Personal Wisdom: Validation and Age-Related Differences of a Performance Measure (Mickler & Staudinger, 2008)

Ursula Staudinger is well known in the wisdom research community principally for her pioneering work on the development of The Berlin Wisdom Paradigm. In this paper, she suggests that we should consider two subtypes of wisdom: General Wisdom (GW), which is concerned with insights into life in general and Personal Wisdom, which is a person’s insight into their own life. Whilst The Berlin Wisdom paradigm is suitable for measuring General Wisdom, a new scale is proposed for measuring Personal Wisdom. The 5 criteria of Personal Wisdom are as follows:

Basic

(1) self-knowledge

(2) heuristics of growth and self-regulation

Meta

(3) Interrelating the self

(4) Self-relativism

(5) Tolerance of ambiguity

Their study suggests that whilst age has no effect on the basic criteria, older people actually did worse as judged by the metacriteria than young people. The authors propose that this is due to the ‘self-relativism’ criterion, which requires facing up to the negative aspects of our own personality. As people age, it is often helpful to adopt a self-enhancement bias in order to view your life positively. Whilst this might be helpful, it requires turning away from the negative aspects of one’s life, and so impacts negatively on self-relativism and hence Personal Wisdom. The paper also suggests that a medium amount of reported life events showed the highest positive relation with Personal Wisdom. Too few and we fail to have the chance to develop Personal Wisdom, but too many dramatic events and we can become overwhelmed.

Abstract

The 2 goals of this study were to develop and validate a performance measure of personal wisdom (PW) and to examine age differences. On the basis of the Berlin wisdom paradigm and growth theories of personality, 5 criteria of PW were developed. A sample of 83 younger adults (ages 20 – 40) and 78 older adults (ages 60 – 80) thought aloud about a PW task. Transcribed answers were rated.

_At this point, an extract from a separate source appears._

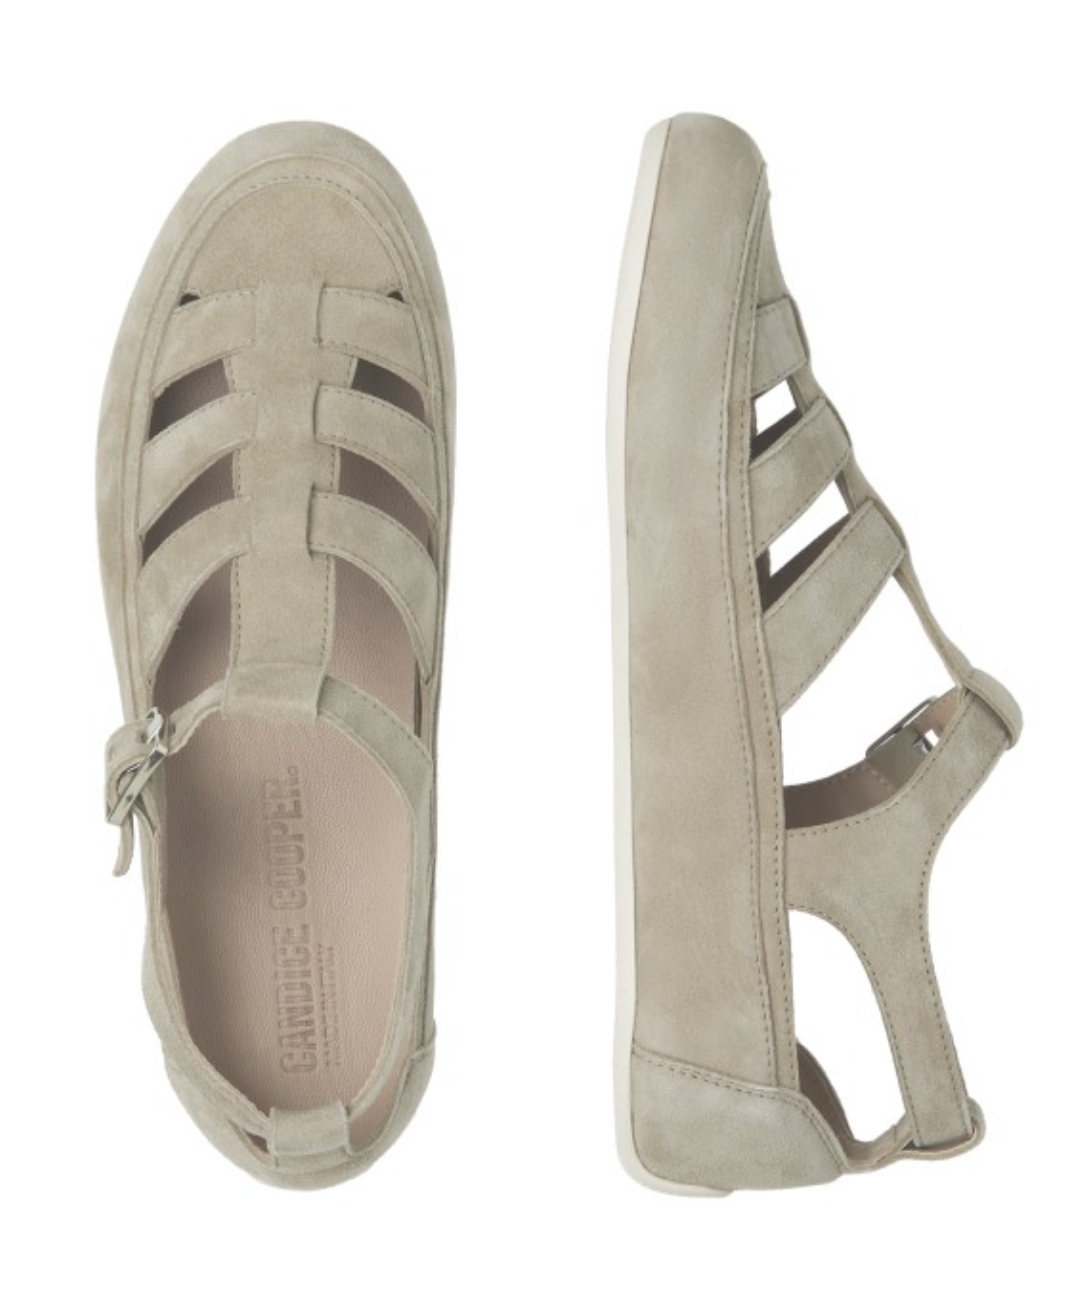 Hetre Alresford Hampshire Shoe Store Candice Cooper Slate Suede T Bar Sandal

Validity was established with regard to indicators of personality growth, subjective wellbeing, intelligence, critical life events, and general wisdom. As expected, no age differences were obtained on the basic criteria, and negative age differences were found on the metacriteria indexing PW. Fluid intelligence and openness to new experience partially mediated these differences. It is argued that on average and for current cohorts age-related changes in psychological functioning may act as hindrances on the road to PW.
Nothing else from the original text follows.